**REQUIREMENT**
Could you restate the whole listing below word for word, minus the pictures?

**RAW DATA**
------------------------------------------------

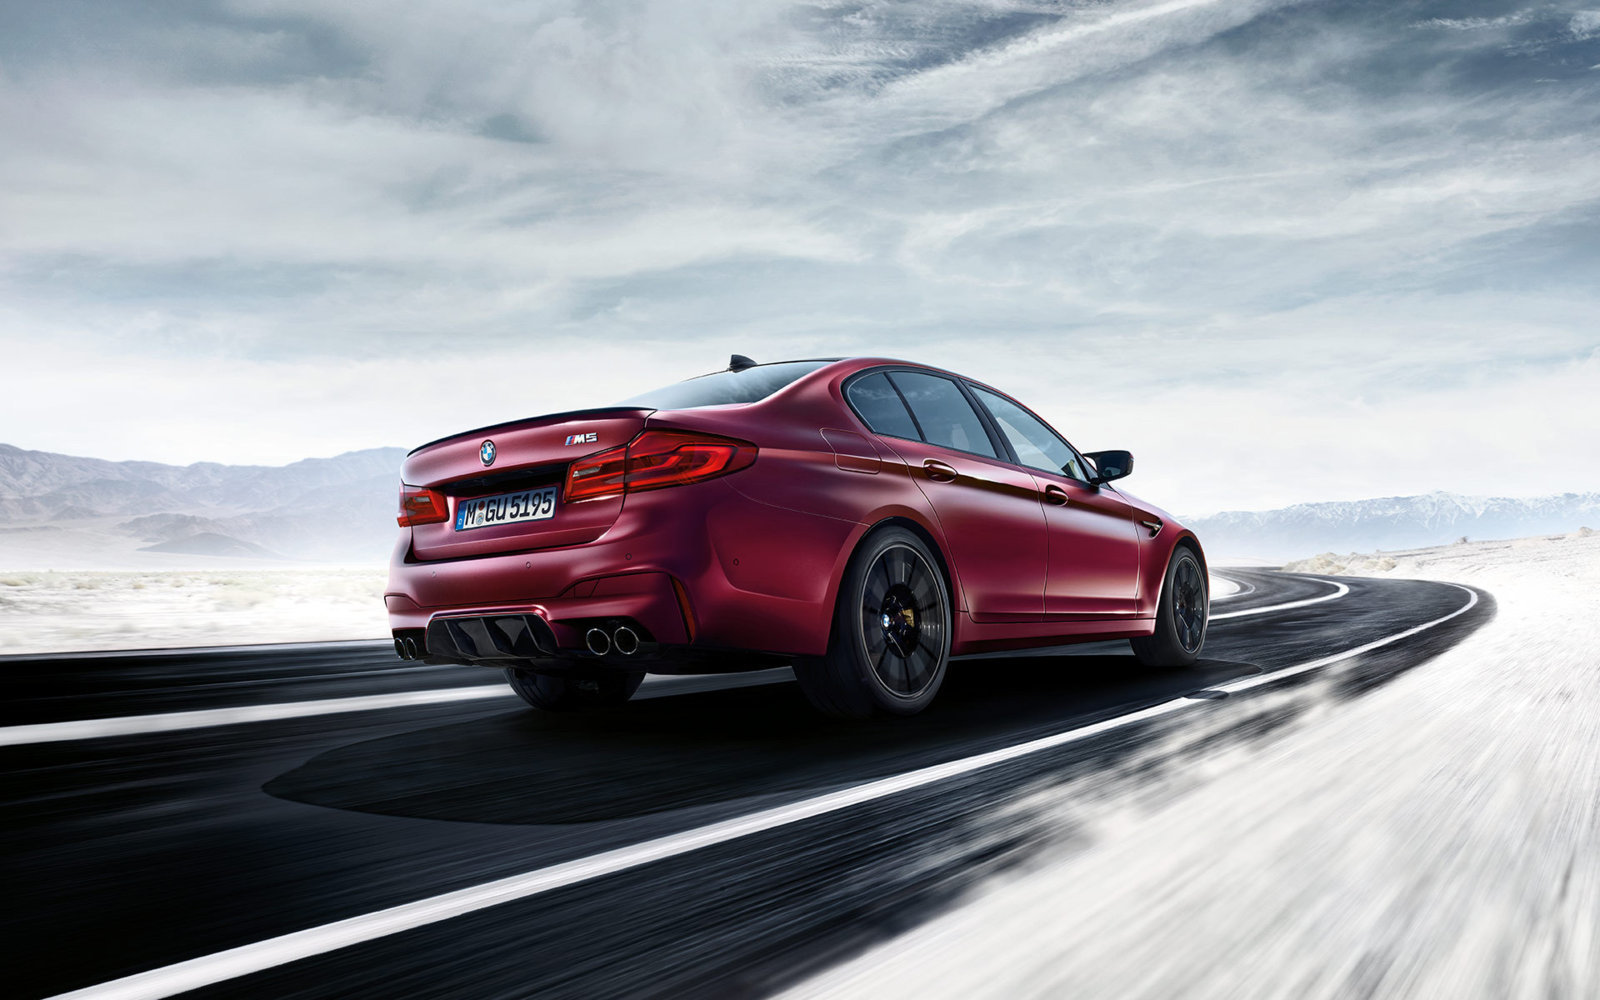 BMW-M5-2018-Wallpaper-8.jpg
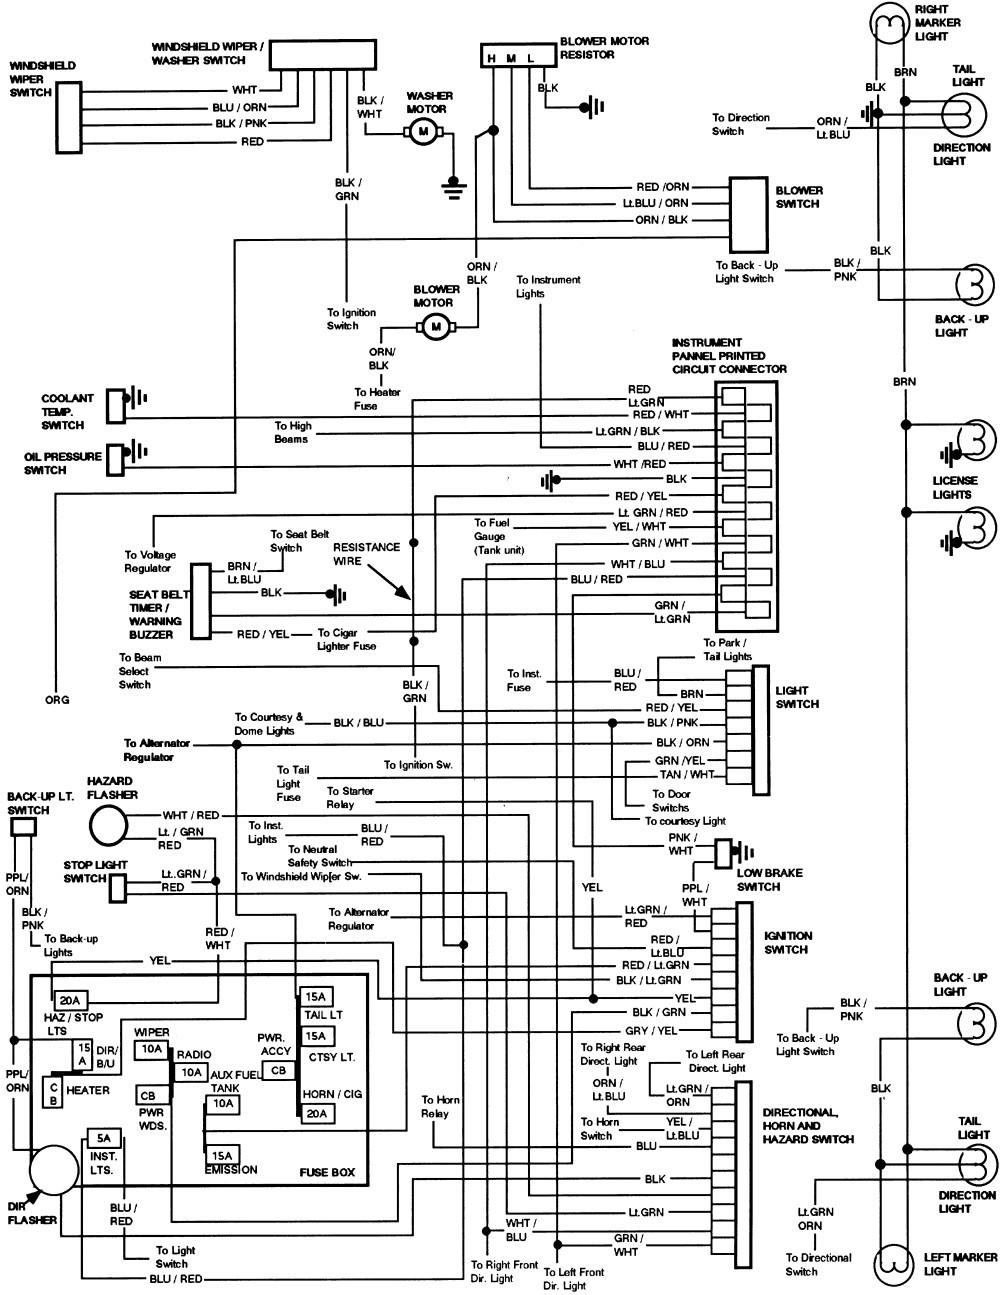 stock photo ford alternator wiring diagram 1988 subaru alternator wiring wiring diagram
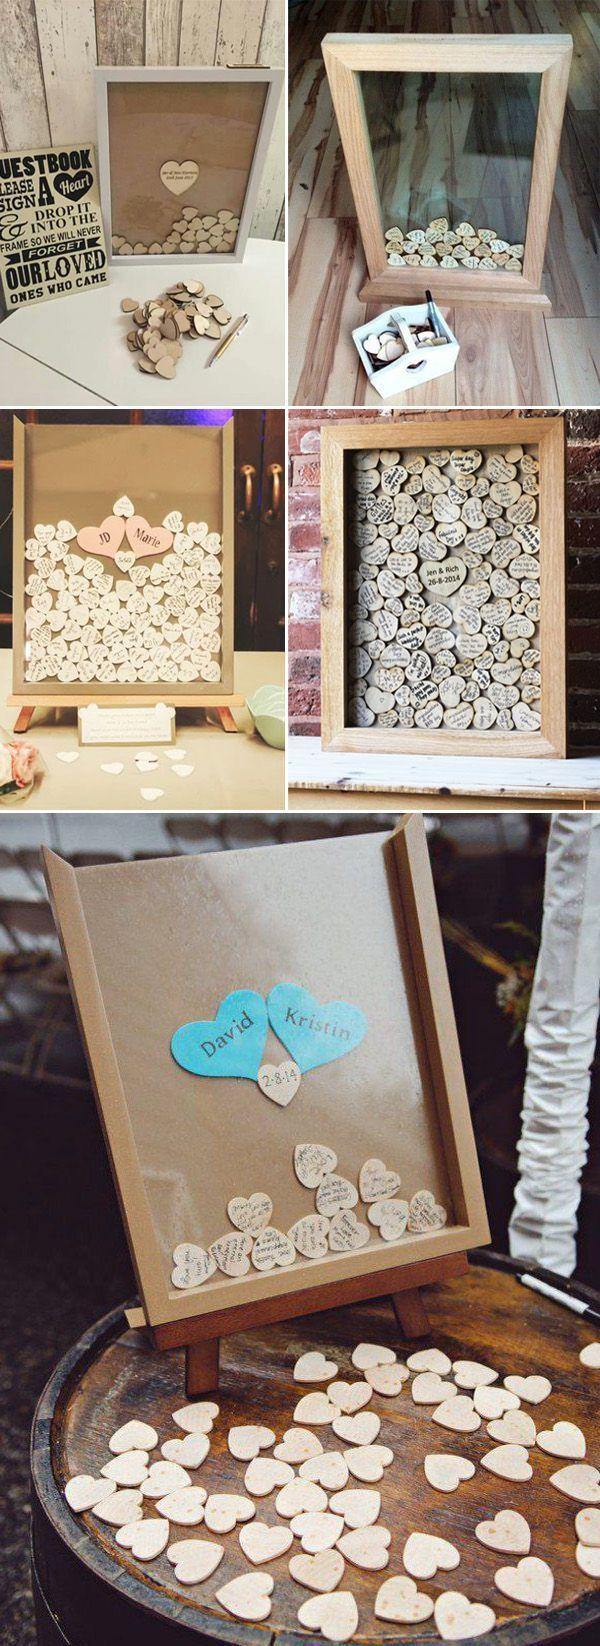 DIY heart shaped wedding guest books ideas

------------------------------------------------

**COMPLETED TASK**
 BMW-M5-2018-Wallpaper-8.jpg
 stock photo ford alternator wiring diagram 1988 subaru alternator wiring wiring diagram
 DIY heart shaped wedding guest books ideas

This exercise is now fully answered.